▸ **What you will do**
When you transcribe the listing, keep each line exact and drop the pictures.

▸ **Stored data**
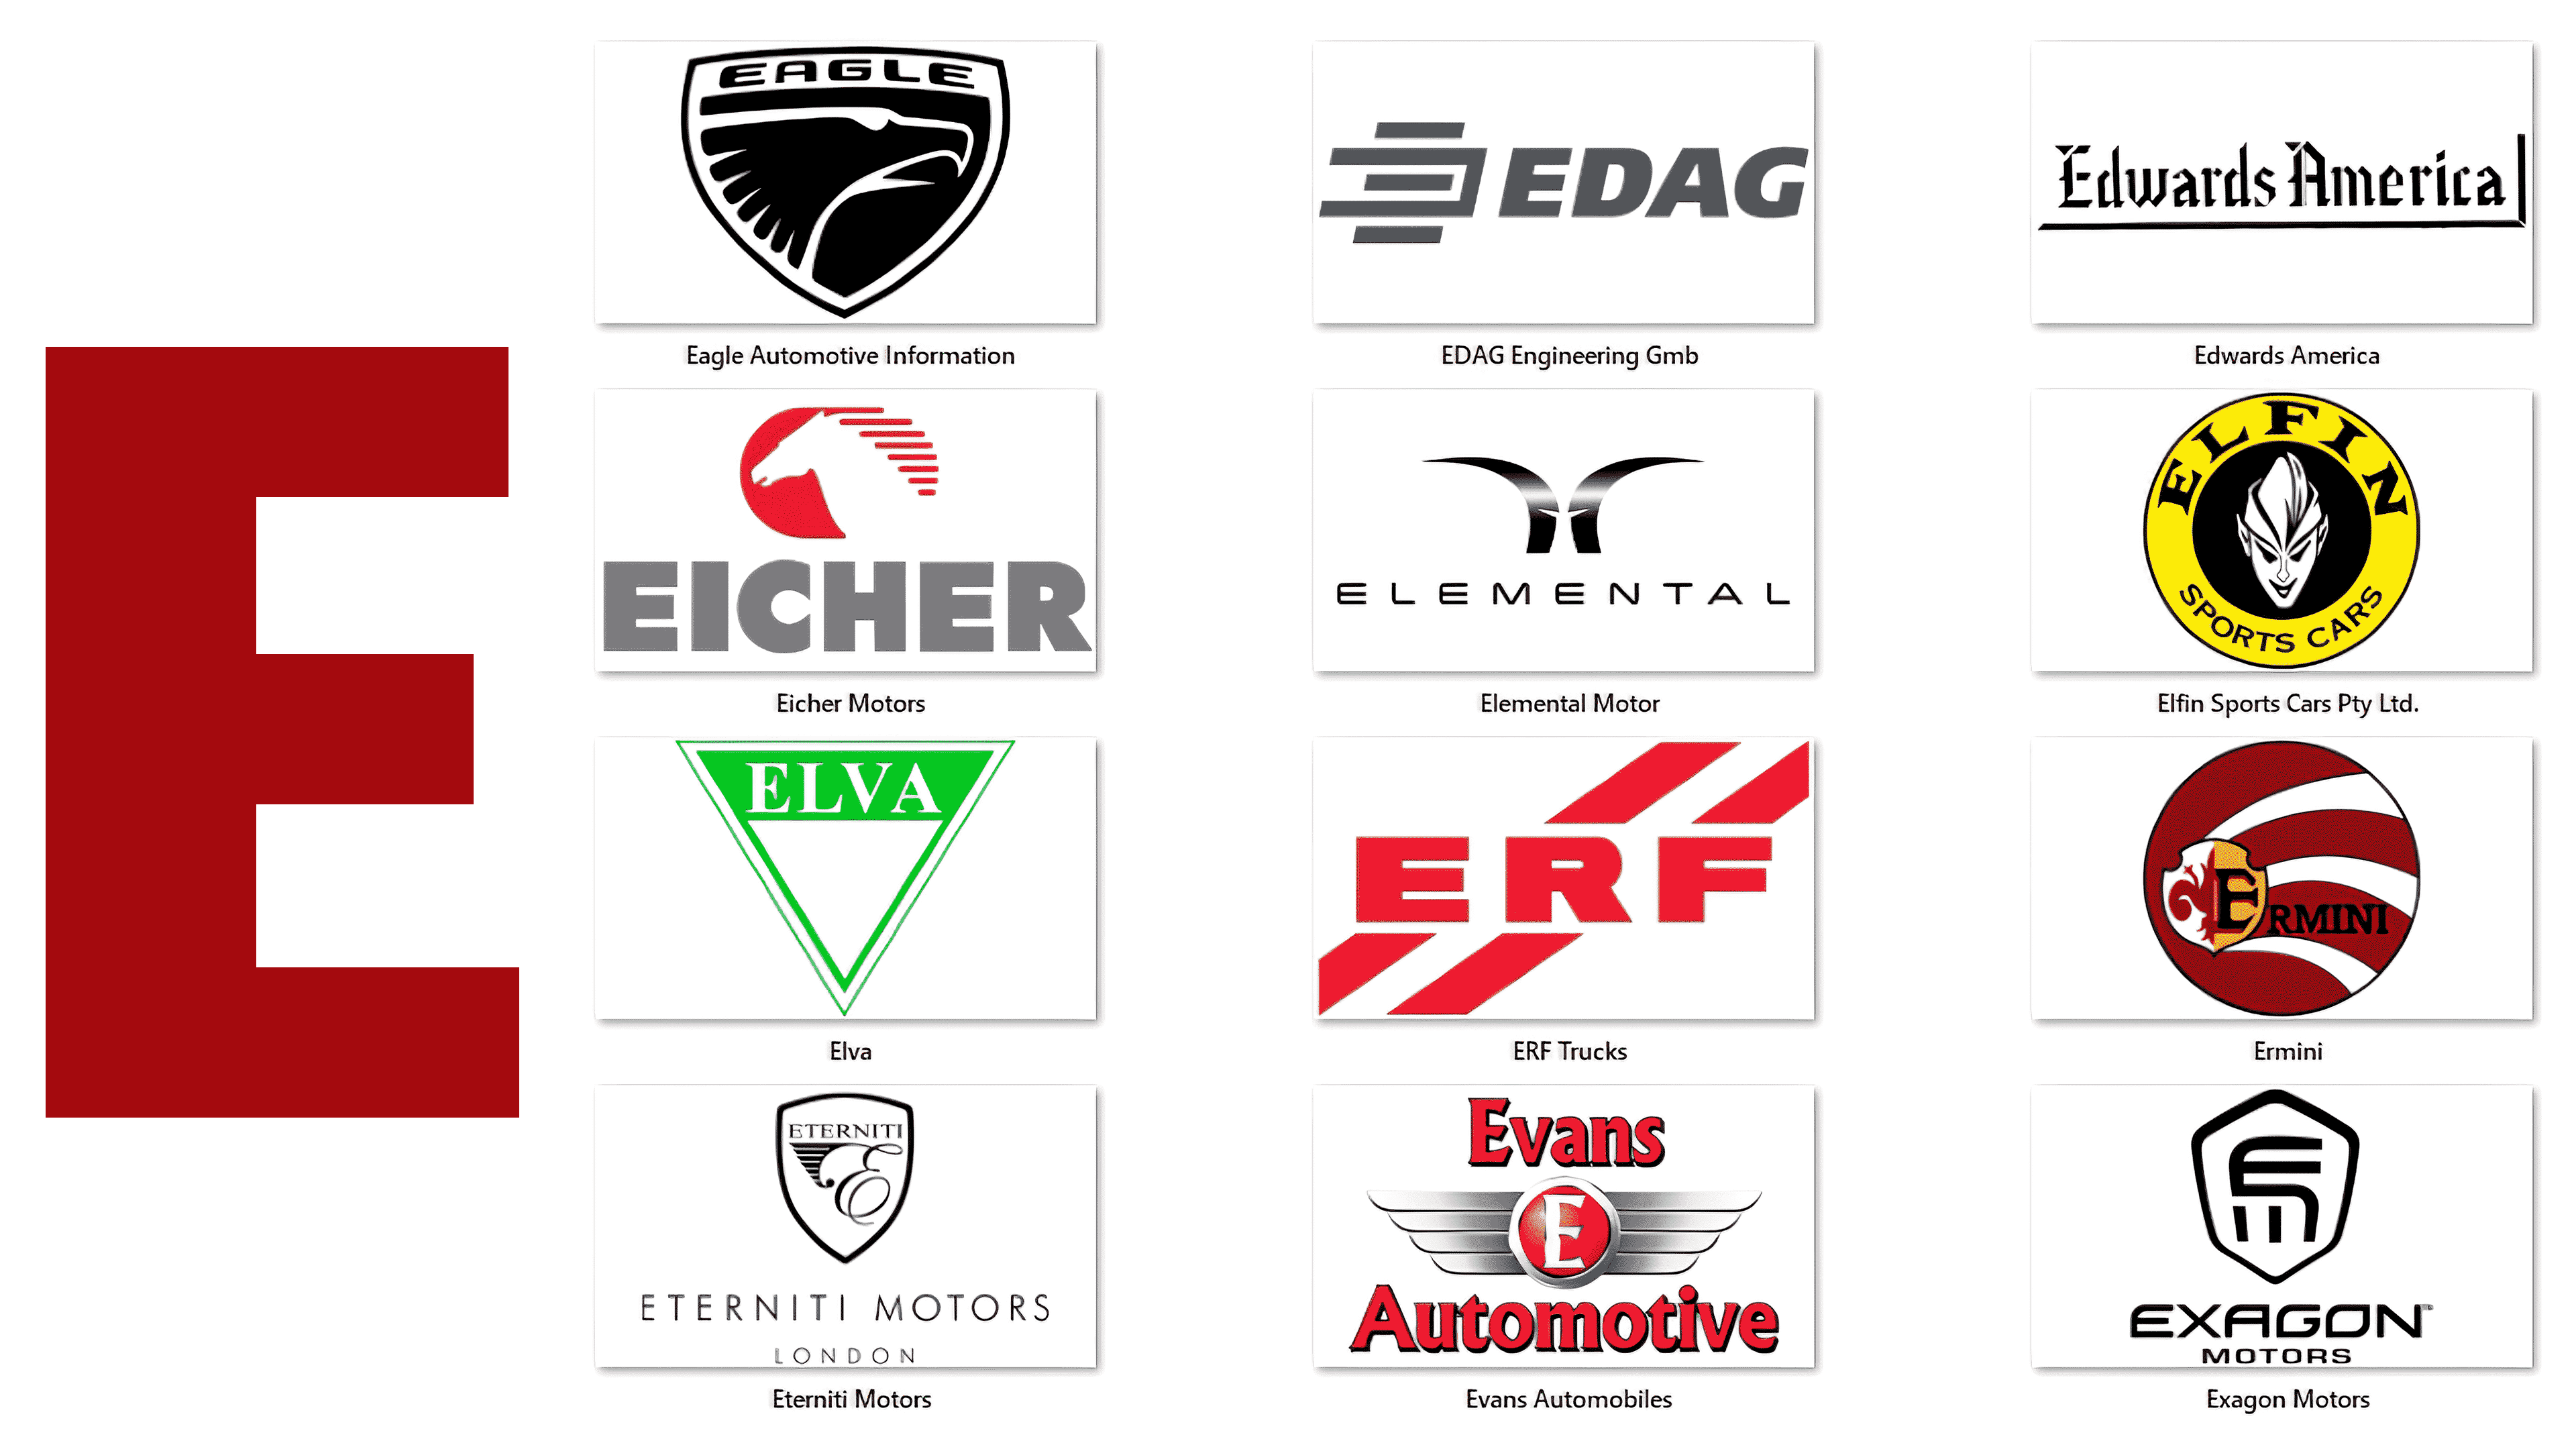 e-inform, Cars Logo
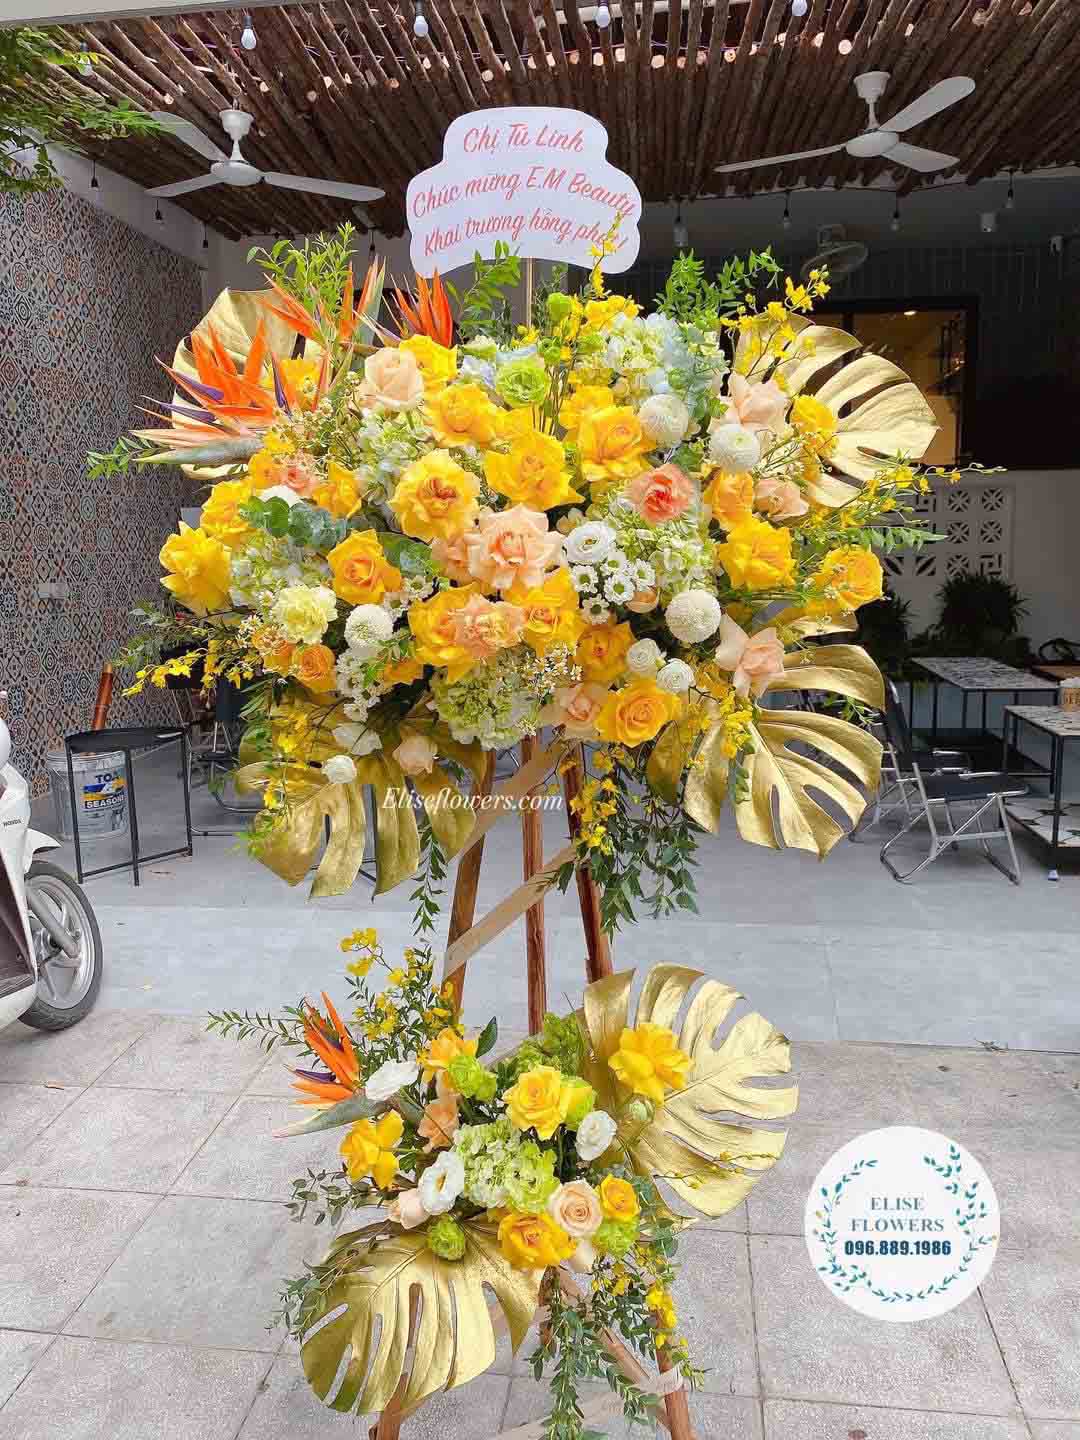 Hình ảnh kệ hoa chúc mừng khai trương màu vàng tài lộc | Kệ hoa 2 tầng chúc mừng khai trương | Hoa khai trương đẹp tại Eliseflowers
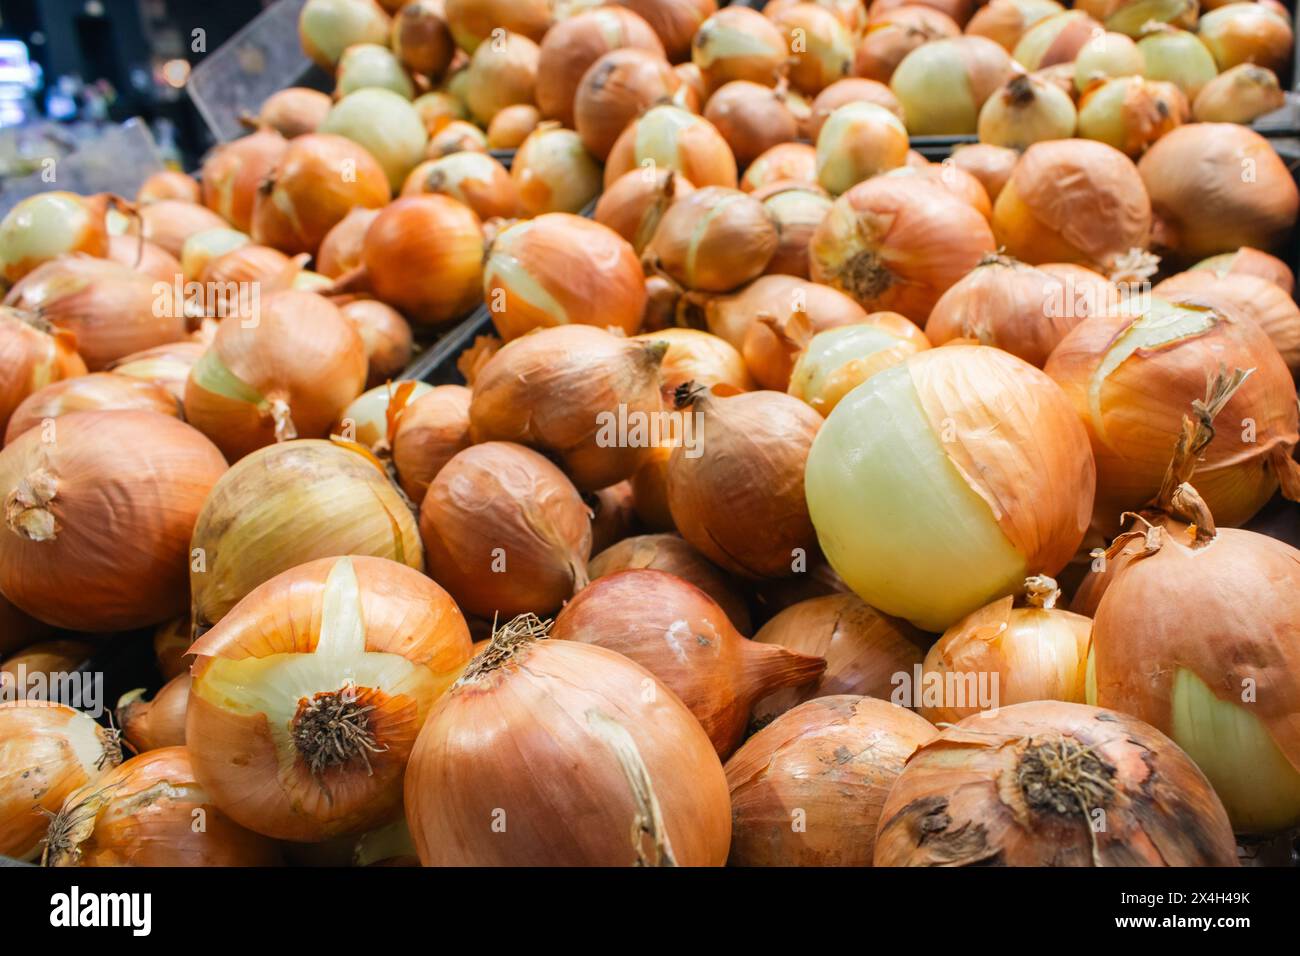 Gelbe Zwiebeln am Marktstand. Ungeschälte Zwiebeln im Karton. Hintergrund Zwiebelzwiebeln. Haufen Bio-Gemüse. Weiße Zwiebelernte Stockfoto

▸ **Written solution**
 e-inform, Cars Logo
 Hình ảnh kệ hoa chúc mừng khai trương màu vàng tài lộc | Kệ hoa 2 tầng chúc mừng khai trương | Hoa khai trương đẹp tại Eliseflowers
 Gelbe Zwiebeln am Marktstand. Ungeschälte Zwiebeln im Karton. Hintergrund Zwiebelzwiebeln. Haufen Bio-Gemüse. Weiße Zwiebelernte Stockfoto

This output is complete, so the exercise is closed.